Since I began this blog I have made eight trades. Two of these trades, in the postmortem, look like bad calls.

On 13th June I increased my bond holdings from 30% to 40% because I saw a decline in stocks. Stocks rallied 3% in the following month.

Then on 25th July, after missing a stock market rally, I reduced my bond holding to 19%. Stock markets retreated 12% in the following month.

In hindsight it is easy to see my mistake: I was buying something because it had increased in price, rather than the reverse. This is precisely what Benjamin Graham advised us not to do.
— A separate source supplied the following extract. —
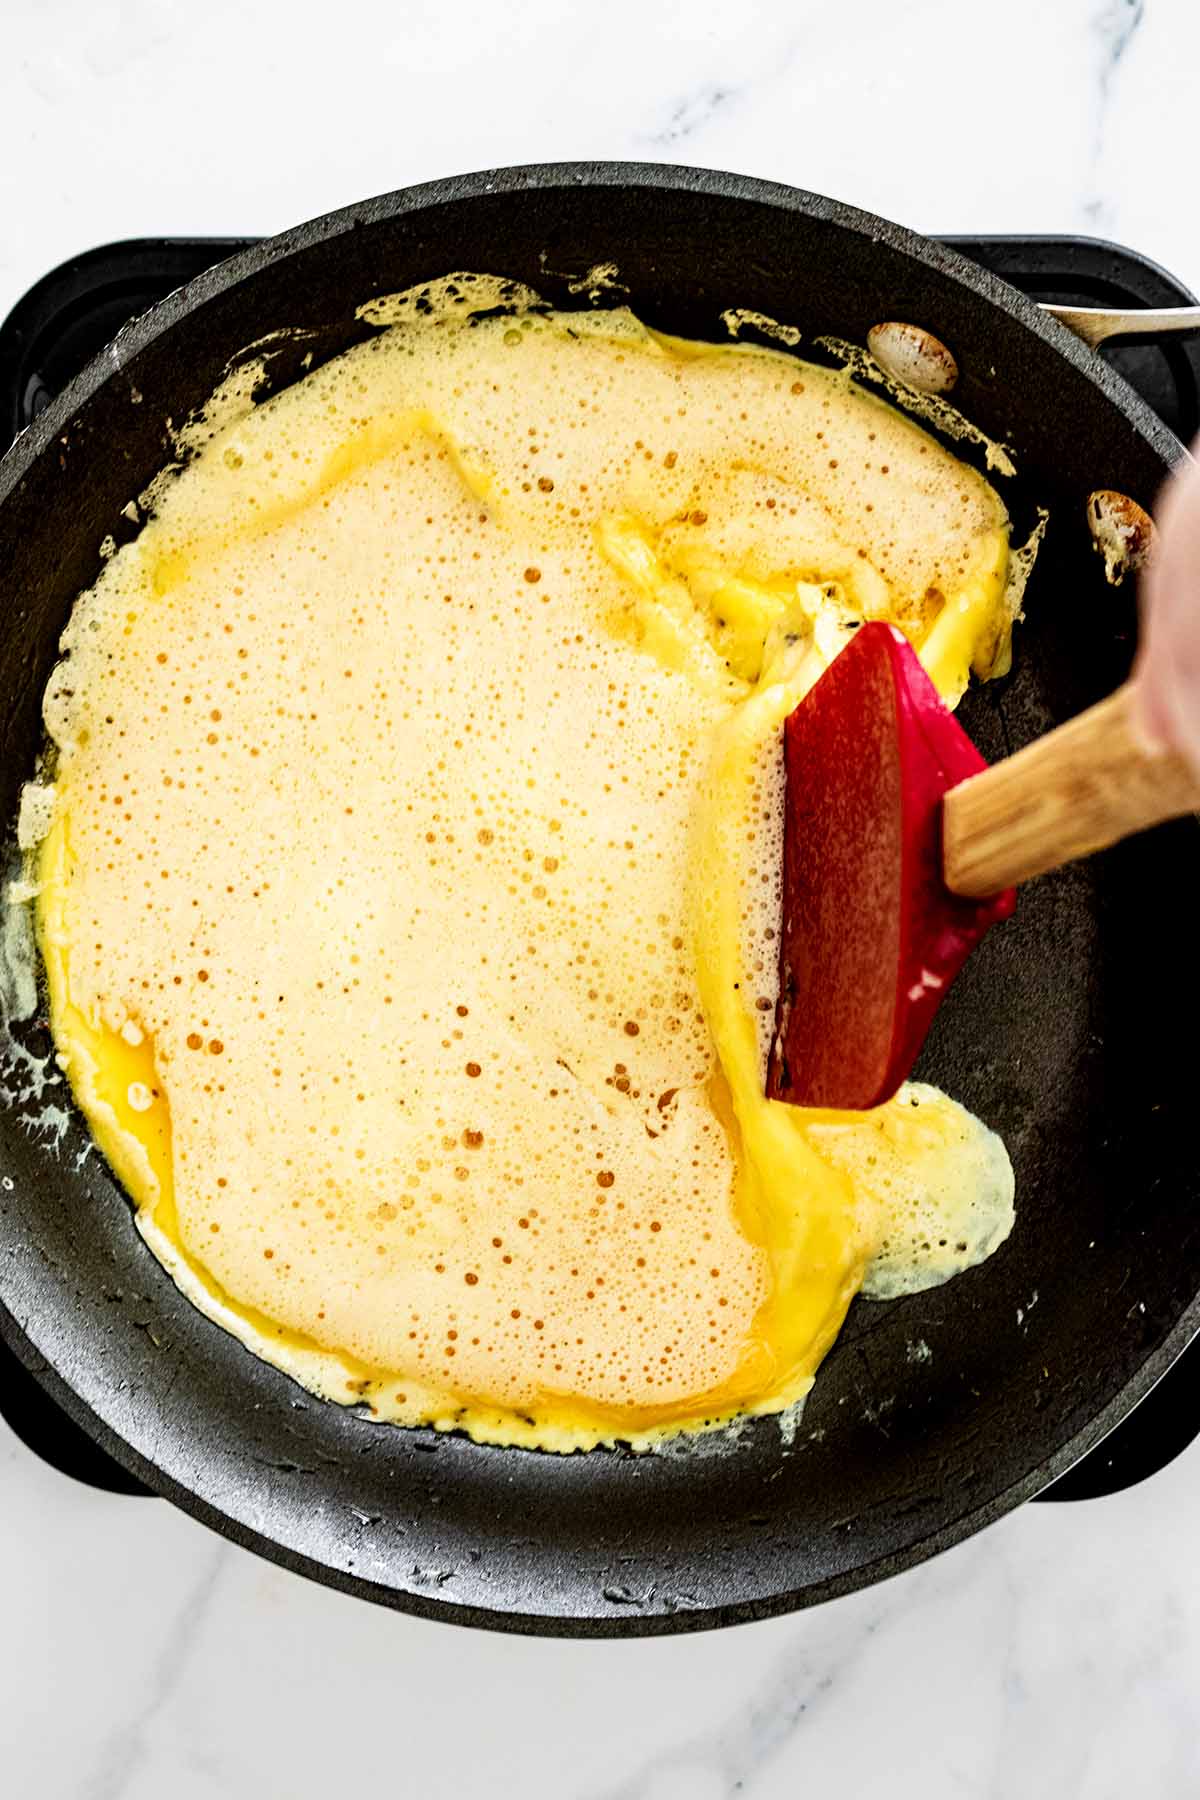 Red spatula pushing edge of semi-cooked eggs toward the center of a skillet

Worse still, I had deviated from my own Investment Policy.


It is interesting that the only good call I have made when trading the bond fund was back on 13th May, when I initially set my bond holdings to 30%. I did this not because of prices or market sentiment, but because of my Investment Policy: to hold between 25% and 75% bonds at any time. I will return to this policy and keep 30% of my portfolio in bonds.

  • BUY Bond Fund @ $210.39
  • SELL S&P Fund @ $93.84


One month after these trades, on 25th September 2011, this looks like a good call. Both funds have advanced around 0.5% but, more importantly, my bond fund is at an appropriate level within my portfolio and in-line with my Investment Policy.